A pooled analysis of immunogenicity data reported that the incidence of binding antibodies with erenumab 140 mg was 2.6%; no patient developed neutralizing antibodies (Vargas et al. AAN 2018; abstract P4.098). With continued treatment, >50% of BAb-positive subjects reverted to BAb-negative status. The presence of BAbs did not significantly affect efficacy: the mean change in MMD was -3.8 in BAb-negative and -5.2 in BAb-positive subjects.
Fremanezumab: A 12-week phase III trial of fremanezumab SC in chronic migraine found that a significantly higher proportion of patients achieved a ≥50% reduction in MMD for headaches of at least moderate severity (monthly dosing 40.8% vs. placebo 18.1%) (Winner et al. AAN 2018; abstract P4.113). A separate analysis reported a reduction in the number of days of acute headache medication use with fremanezumab compared to placebo (-3.7 to -4.2 vs. -1.9) (Aycardi et al. AAN 2018; abstract P4.101).

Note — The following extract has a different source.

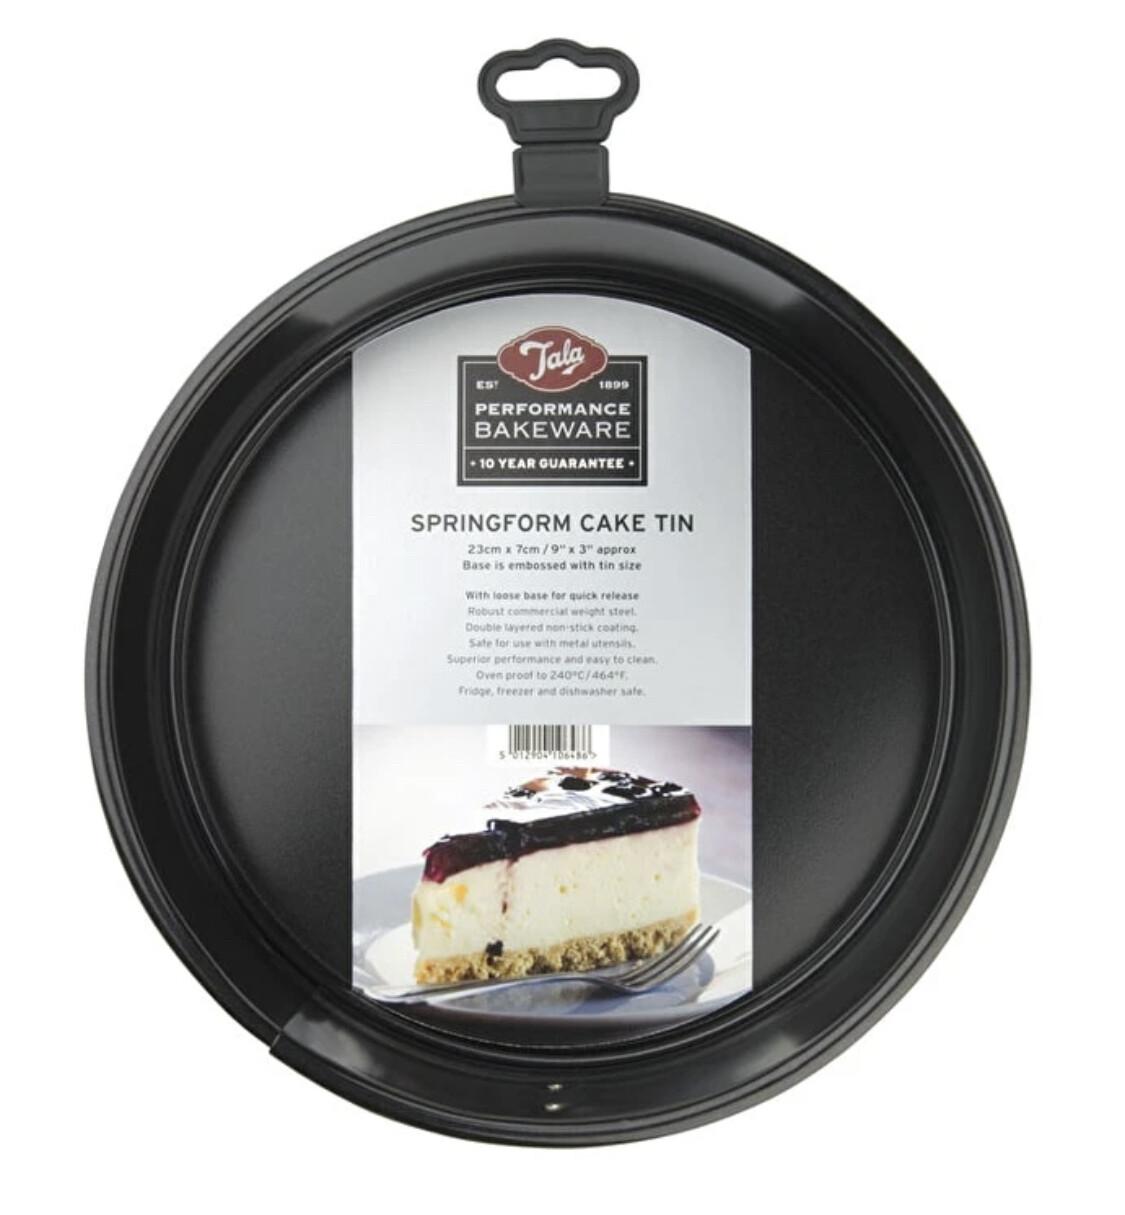 Tala - Performance Springform Cake Tin (23cm)

Two dosing regimens are being investigated in chronic and episodic migraine: monthly dosing (225 mg per month); and quarterly dosing (675 in month 1, with a second injection in month 4). An initial loading dose of 675 mg was used for the monthly regimen in the chronic migraine trial. A 12-week trial reported comparable efficacy with the two regimens in chronic migraine (Silberstein et al. AAN 2018; abstract S32 005). The two regimens were similarly effective in episodic migraine (Dodick et al. AAN 2018; abstract P4.093). There were significant reductions in the number of monthly headache days of at least moderate severity (monthly -2.9 days; quarterly -3.0 days vs placebo -1.5 days). There were also comparable reductions in the number of days of acute headache medication use (-3.0 and -2.9 vs. -1.6) with the two regimens (Brandes et al. AAN 2018; abstract P4.106).
An analysis of phase II data reported a reduction in the number of days with nausea, vomiting, photophobia and phonophobia with fremanezumab 225 mg/month in patients with high-frequency episodic migraine (Bigal et al. AAN 2018; abstract P4.111). Improvements in associated migraine symptoms were observed in the first week of treatment.
Eptinezumab: The PROMISE-1 placebo-controlled trial evaluated three doses (30, 100 and 300 mg) of eptinezumab, the only anti-CGRP MAb administered by IV infusion ever should be every 12 weeks, in patients with frequent episodic migraine (Saper et al. AAN 2018; abstract S20 001). MMD was reduced from baseline -4.0, -3.9 and -4.3 days with the three doses versus -3.2 days with placebo. The response rate (>75% reduction in MMD) was 24.7%, 22.2% and 29.7% with eptinezumab versus 16.2% with placebo. A total of 56.3% (pooled) achieved a ≥50% reduction in MMD at 12 weeks compared to 37.4% with placebo. The pooled response rate was 63.1% in weeks 21-24 versus 52.3% with placebo following a second quarterly infusion (Egilius et al. AAN 2018; abstract P4.108). The mean number of migraine hours was reduced by 35.2-42.9 hours (versus 23.8 hours with placebo) in weeks 1-4, and by 33.6-42.8 hours (versus 26.9 hours with placebo) in weeks 21-24 (Silberstein et al. AAN 2018; abstract P4.91).